Last night marked the 21st annual Nickelodeon Kids’ Choice Awards, the show that allows children to award their favorite actors and actresses with a giant orange blimp and a potential bucket of slime. Good times!

This year’s winners were as predictable as the ending of a Reese Witherspoon film, with the children lavishing praise on Miley Cyrus, the Jonas Brothers, and Twilight. And though this spectacle was fairly boring, if you were over the age of 14, it does bring up a bit of historical hilarity.

I was 7 years old when the first Kids Choice Awards aired; Nickelodeon, at that time, was a network filled with kooky Canadian programming such as You Can’t Do That On Television, Fifteen, and Today’s Special. There were no fake, sugar sweet rock stars on Nick; those acts were relegated, as they are now, for the most part, to the Disney Channel, home of MMC and Kids Incorporated. Nickelodeon was a network designed for kids, but what set it apart was that the network never pandered to children; they were treated as equals and important viewers, which led to awards shows such as this- to give the kids a voice.

Children’s live-action programming has since moved away, for the most part, from the wacky, Pete & Pete-esque shows of the past (though interestingly enough, the kids who grew up with Pete & Pete are now writing, starring in, and watching shows like The Office and Arrested Development) and toward this slickly-packaged, over-styled, super hyper musical view of childhood, where everyone is a movie star, rock star, or has secret celebrity identity. So it’s not surprising that the kids chose Miley Cyrus and the like last night; that’s all they’ve been given as of late.

The 1988 Kids Choice Awards paint a very different picture: the Favorite Movie Award was given to Beverly Hills Cop 2, a rated R movie that kids shouldn’t have seen in the first place. Nickelodeon honored the votes, and the kids voices were heard. And while this suggests that the kids either had more of a say in their selection, if you look at the 1989 Kids Choice Awards winners, it’s pretty clear that when it comes to award shows, the pop-star, ridiculous factor has always been firmly in place: the performers that night were Corey Feldman and New Kids On The Block, and the Favorite TV Star award was given to ALF.

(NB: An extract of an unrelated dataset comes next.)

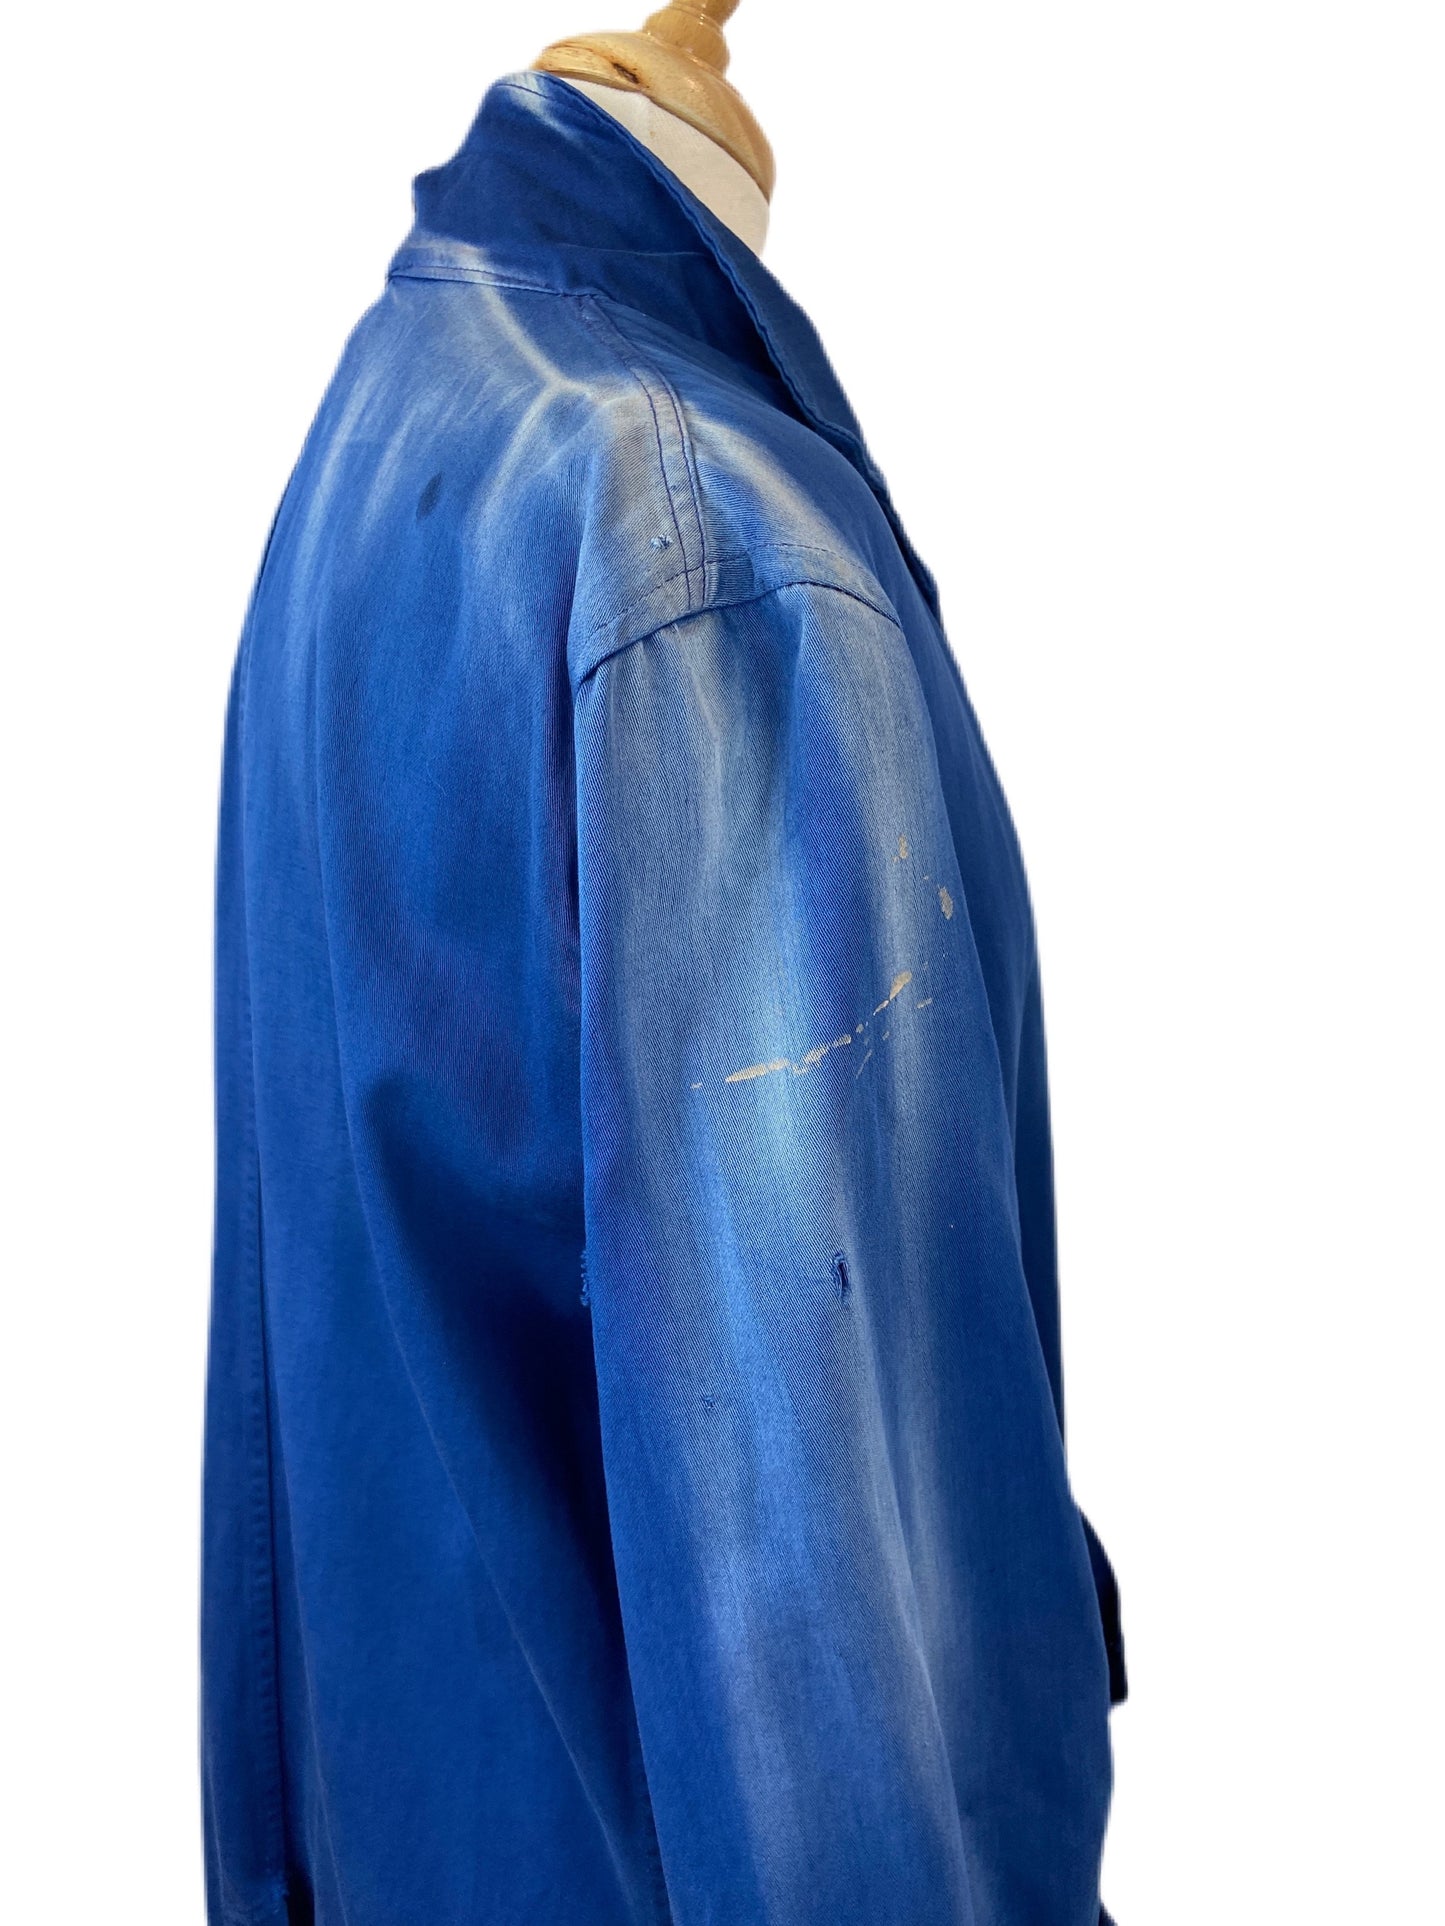 Vintage Workwear 1965 Frontenac Coverall LTD Smock Blue Cotton Distressed Workwear Coat (38)

So perhaps it’s easy to frown at the kids and their programming, but coming from a generation that nominated Police Academy 5: Assignment in Miami Beach back in ’89, I’d guess that the kids are going to be alright, and probably less embarrassed about their voting pasts then we are. After all, we’re the kids who made this the 1989 song of the year:

Complete List of Kids Choice Awards Winners [USWeekly]
1989 Kids Choice Awards Winners [Wikipedia]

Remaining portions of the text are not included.